To keep the focus entirely on learning mechanics, activations, softmax, regularization, and advanced optimizers have been intentionally omitted.

The accompanying handwritten derivations contain the complete mathematical proof of the gradients used throughout this implementation. This article focuses on connecting those mathematical results to working code.


The Problem Setup

We will train a neural network to predict house prices from four features:

  • House size (square feet)

  • Number of bedrooms

  • House age

  • Distance from city center

The target value is generated using a known linear relationship:

$$y = 600 \cdot size_sqft + 5 \cdot bedrooms + 15 \cdot age_years + 12 \cdot distance + noise$$

The features and targets are standardized before training.

This dataset was intentionally chosen because it follows a linear relationship.
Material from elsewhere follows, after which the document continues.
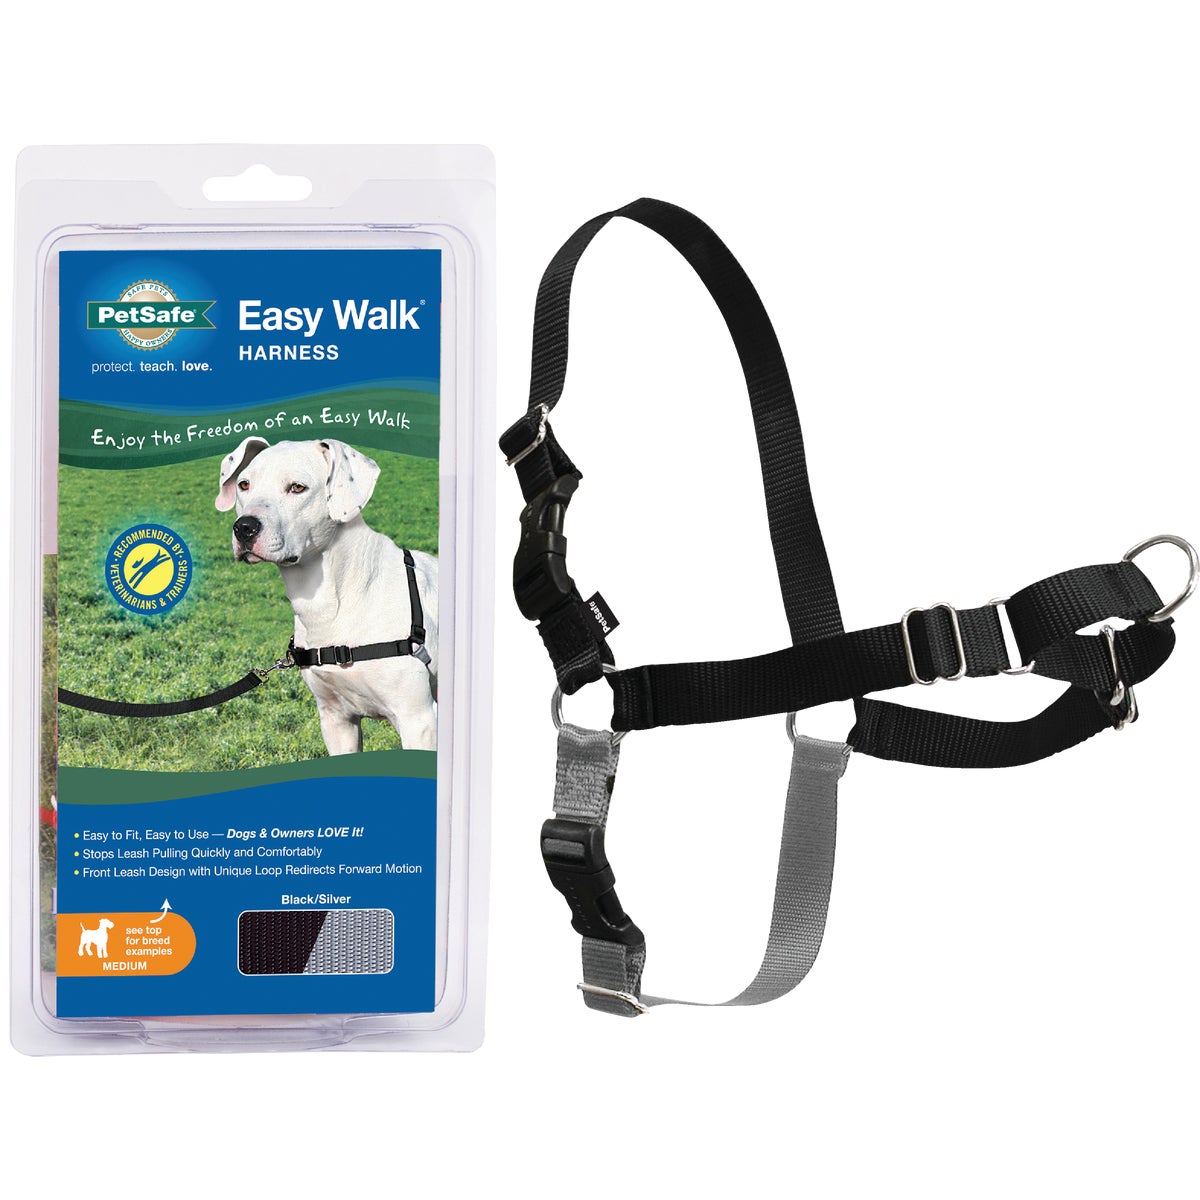 Item 705038, Easy Walk harness ideal to stop leash pulling quickly and comfortably.

The objective is not to solve a difficult machine learning problem but to observe learning behavior clearly.


The Network Architecture

The network consists of three dense layers:

$$X \rightarrow Layer_1 \rightarrow Layer_2 \rightarrow Layer_3 \rightarrow \hat y$$

Each dense layer performs:

$$Z = XW + b$$

where:

  • $X$ is the input matrix

  • $W$ is the weight matrix

  • $b$ is the bias vector

  • $Z$ is the output of the layer

The implementation stores:

self.weight
self.bias

inside each DenseLayer.

During the forward pass:

output = np.dot(input_matrix, self.weight) + self.bias

which directly corresponds to the equation above.


A Deliberate Simplification

You may notice that the network contains no activation functions.

This is intentional.

Without activations, multiple dense layers collapse into a single linear transformation:

$$XW_1W_2W_3 = XW_{effective}$$

Therefore:

$$\hat y = XW_{effective} + b_{effective}$$

This means the network does not gain additional representational power from having multiple layers.

The additional layers exist solely to demonstrate how gradients propagate backward through several stages.

The purpose of this implementation is not model capacity.

The purpose is visibility into the learning process.


Forward Propagation

The network begins with the following input matrix for every layer:

$$Z_l = X_lW_l + b_l$$

The output of one layer becomes the input of the next.

In code:

for key, value in self.layers.items():
    value.forward(output)
    output = value.output

After the final layer:

$$\hat y = logits$$

The implementation stores this prediction as:

self.logits

Measuring Error Using Mean Squared Error

Once predictions are produced, they must be compared against the target values.

The error is:

$$error = \hat y - y$$

which is implemented as:

error = self.logits - target

The loss is computed as:

$$L = (\hat y - y)^2$$

implemented as:

loss = error ** 2

The network now has a numerical measure of how wrong its predictions are.

Learning begins by asking:

How does this loss change if a weight changes?


The Two Local Derivatives Every Dense Layer Knows

For a dense layer:

$$Z = XW + b$$

there are only two local derivatives required for backpropagation.

Local Derivative With Respect to Weights

$$\frac{\partial Z}{\partial W}=X$$

represented by:

get_local_derivative_wrt_weights()

which returns:

self.input_matrix

Local Derivative With Respect to Inputs

$$\frac{\partial Z}{\partial X}=W$$

represented by:

get_local_derivative_wrt_inputs()

which returns:

self.weight

These two quantities are sufficient for gradient propagation.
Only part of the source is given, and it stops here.